• Exercise details
Although the material holds pictures, none belong in the copy; transcribe exactly, and only, the lines from the one with "Solution:18.04 as a fraction is 451/25" through the end.

• Stored data
★ ★ ★ ★ ★

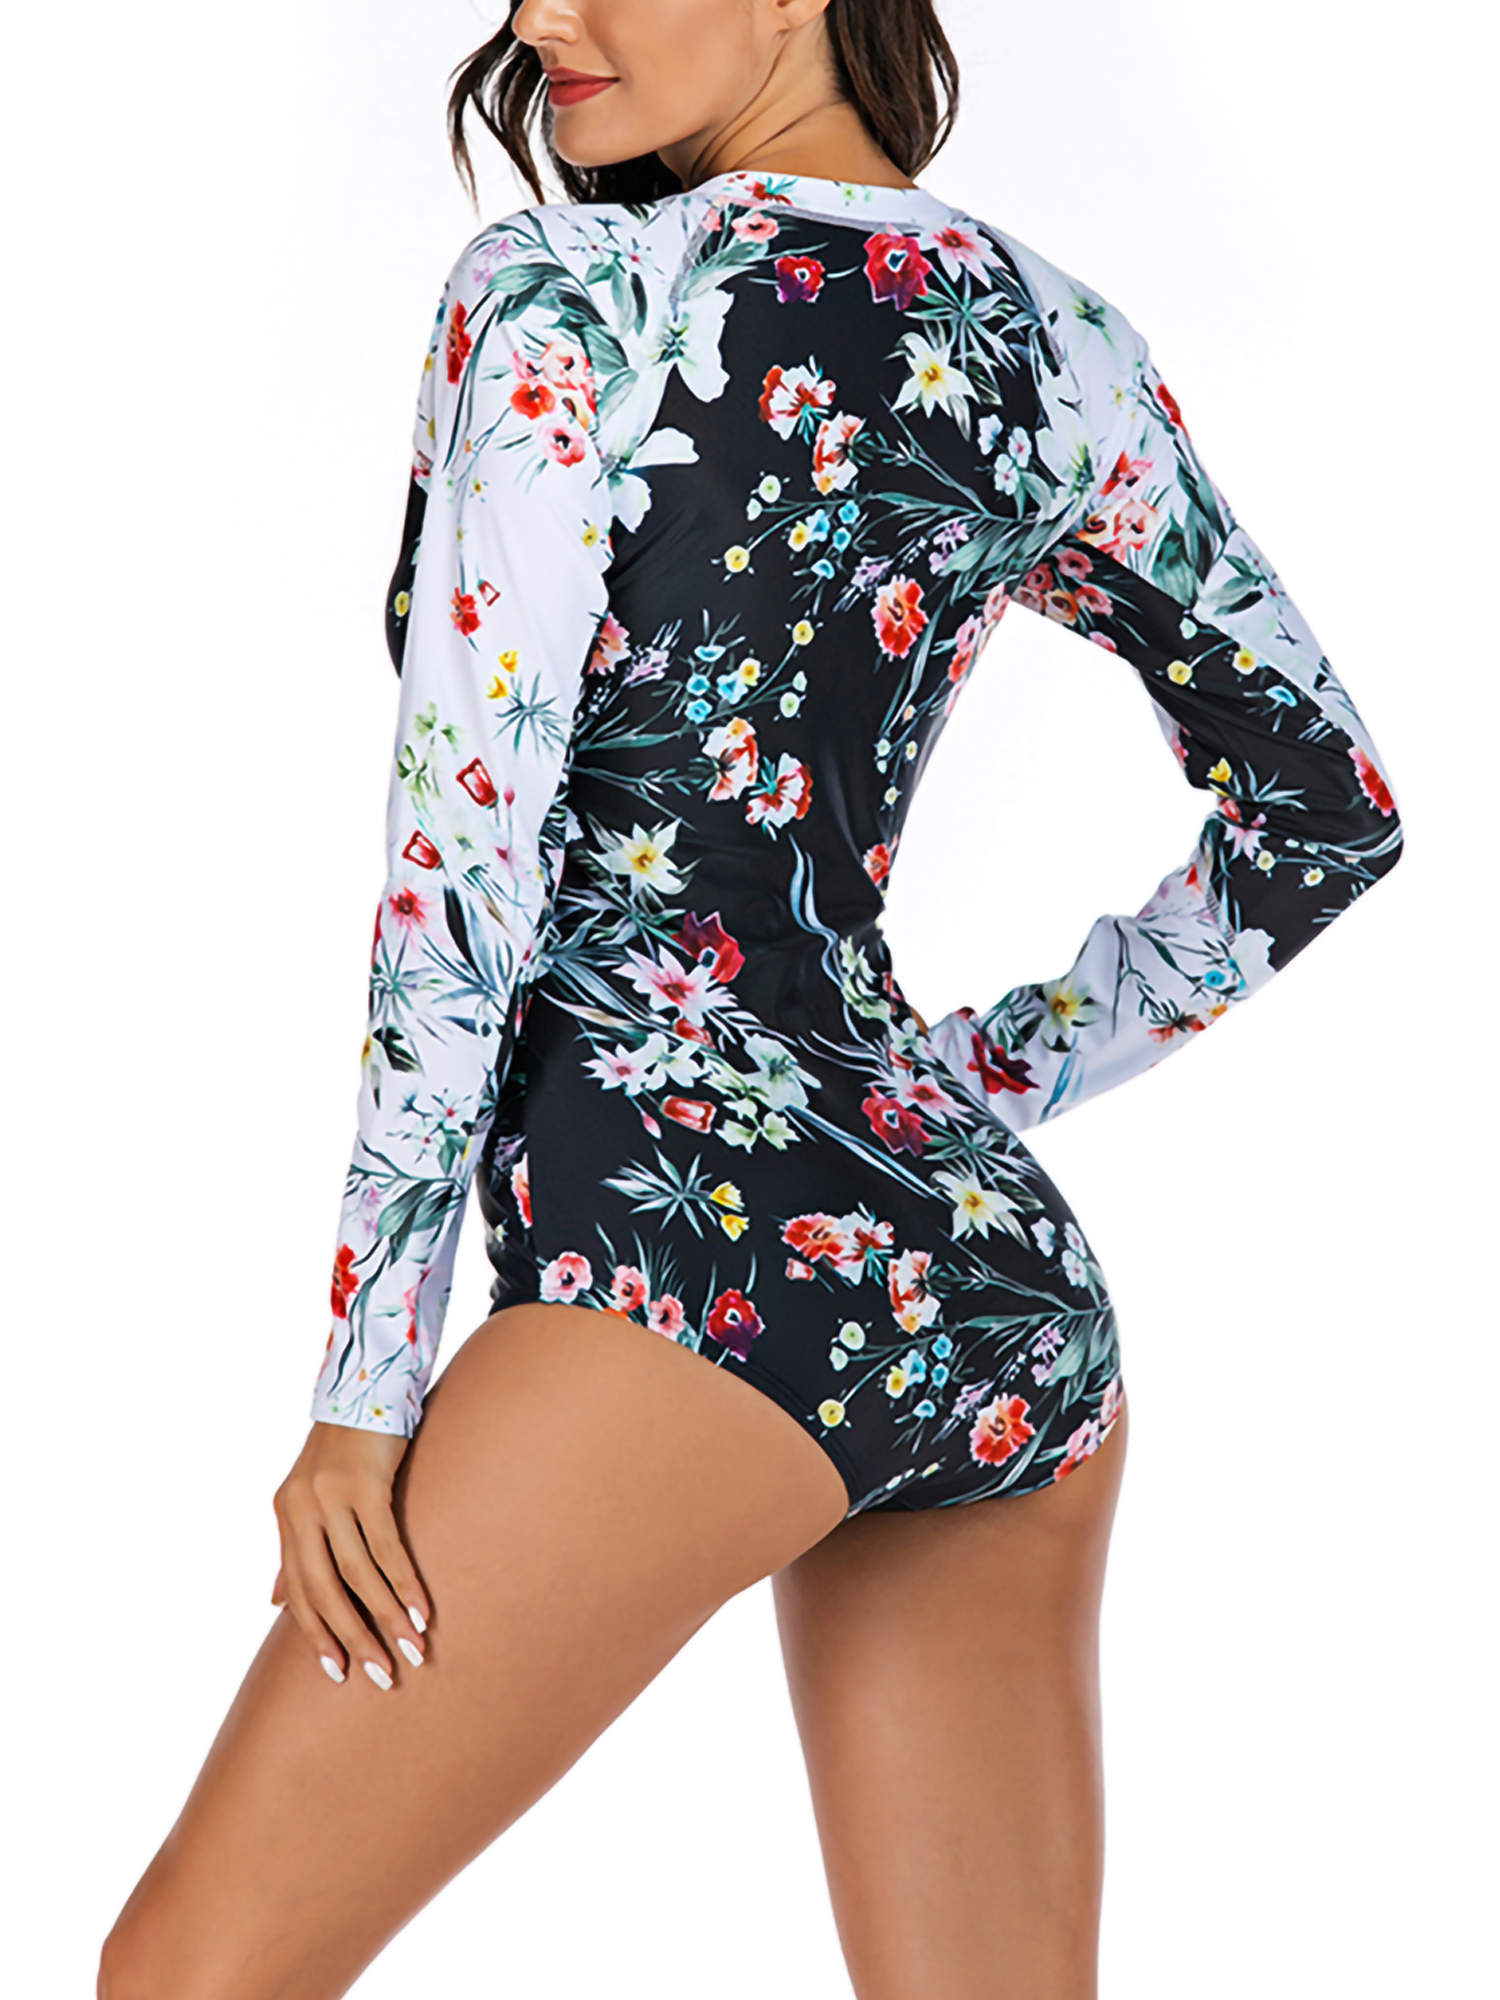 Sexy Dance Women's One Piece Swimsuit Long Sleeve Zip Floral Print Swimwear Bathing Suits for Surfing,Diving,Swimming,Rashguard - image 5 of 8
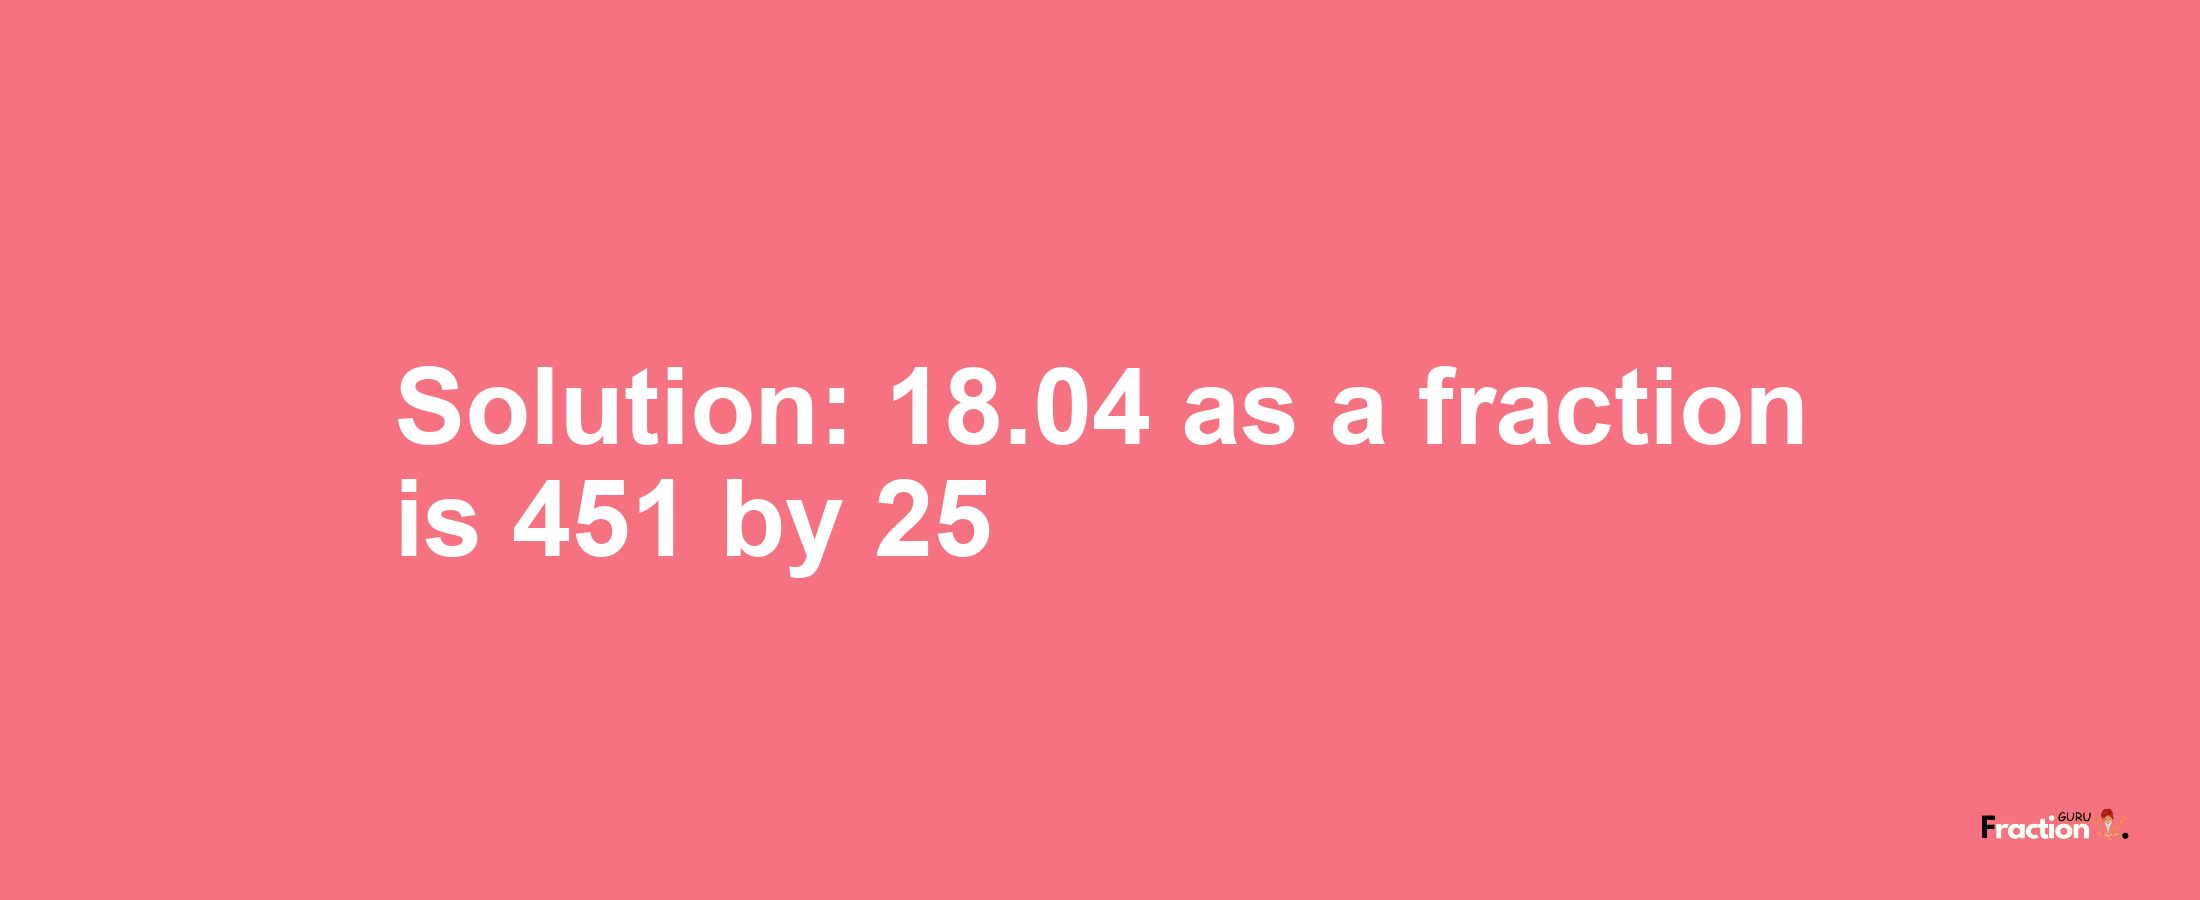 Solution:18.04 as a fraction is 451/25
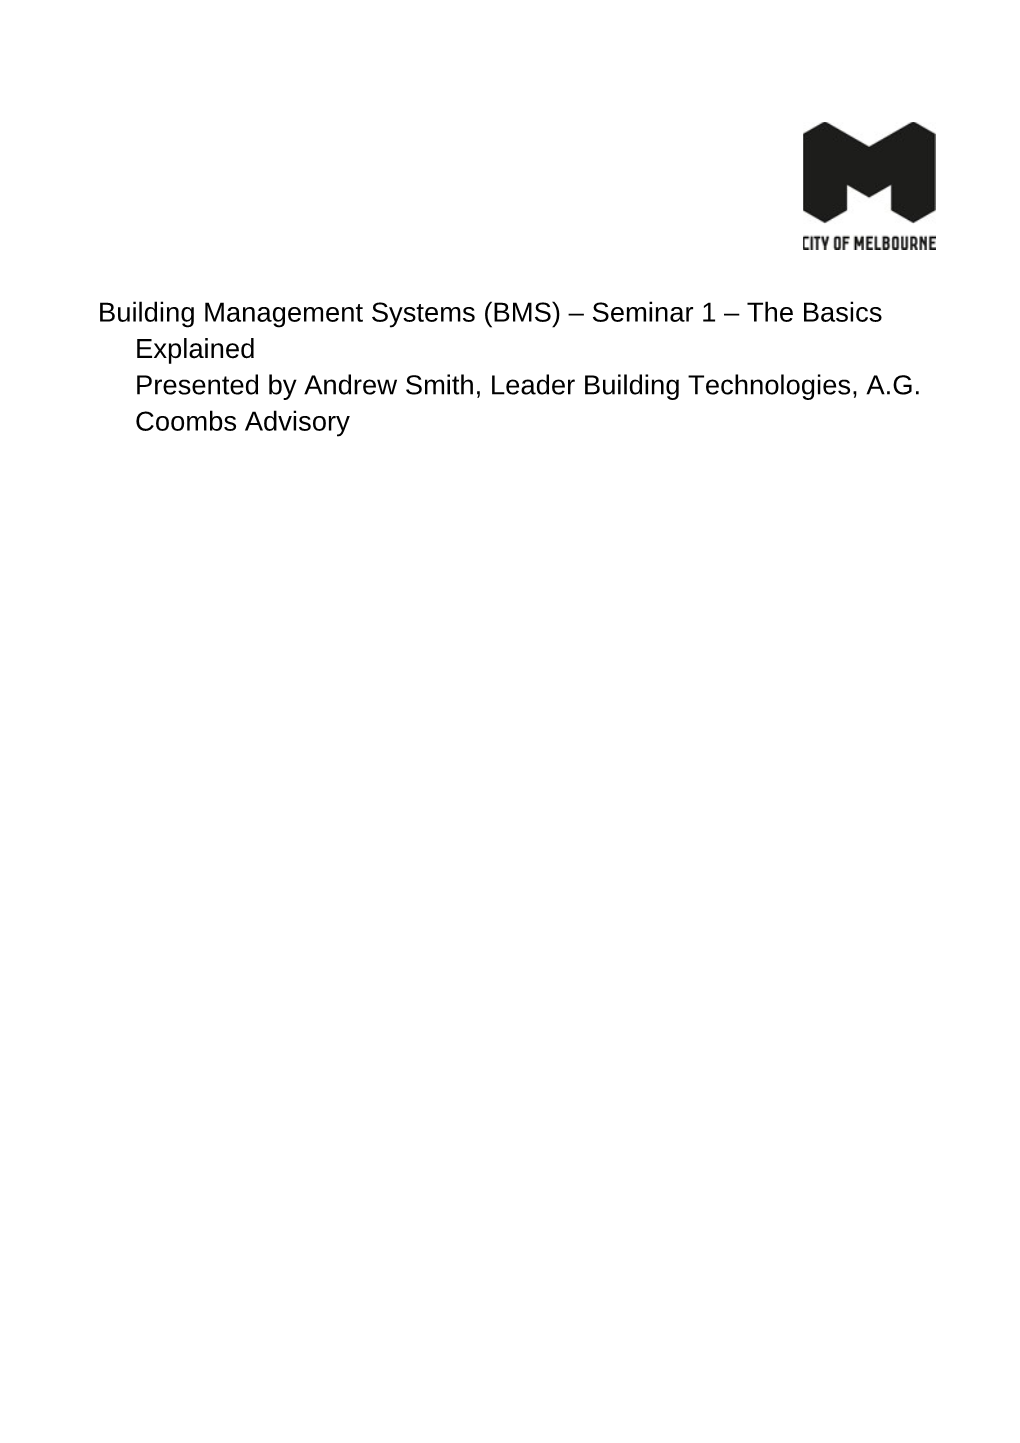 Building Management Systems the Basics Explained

★ ★ ★ ★ ★

• Your solution
 Solution:18.04 as a fraction is 451/25
 Building Management Systems the Basics Explained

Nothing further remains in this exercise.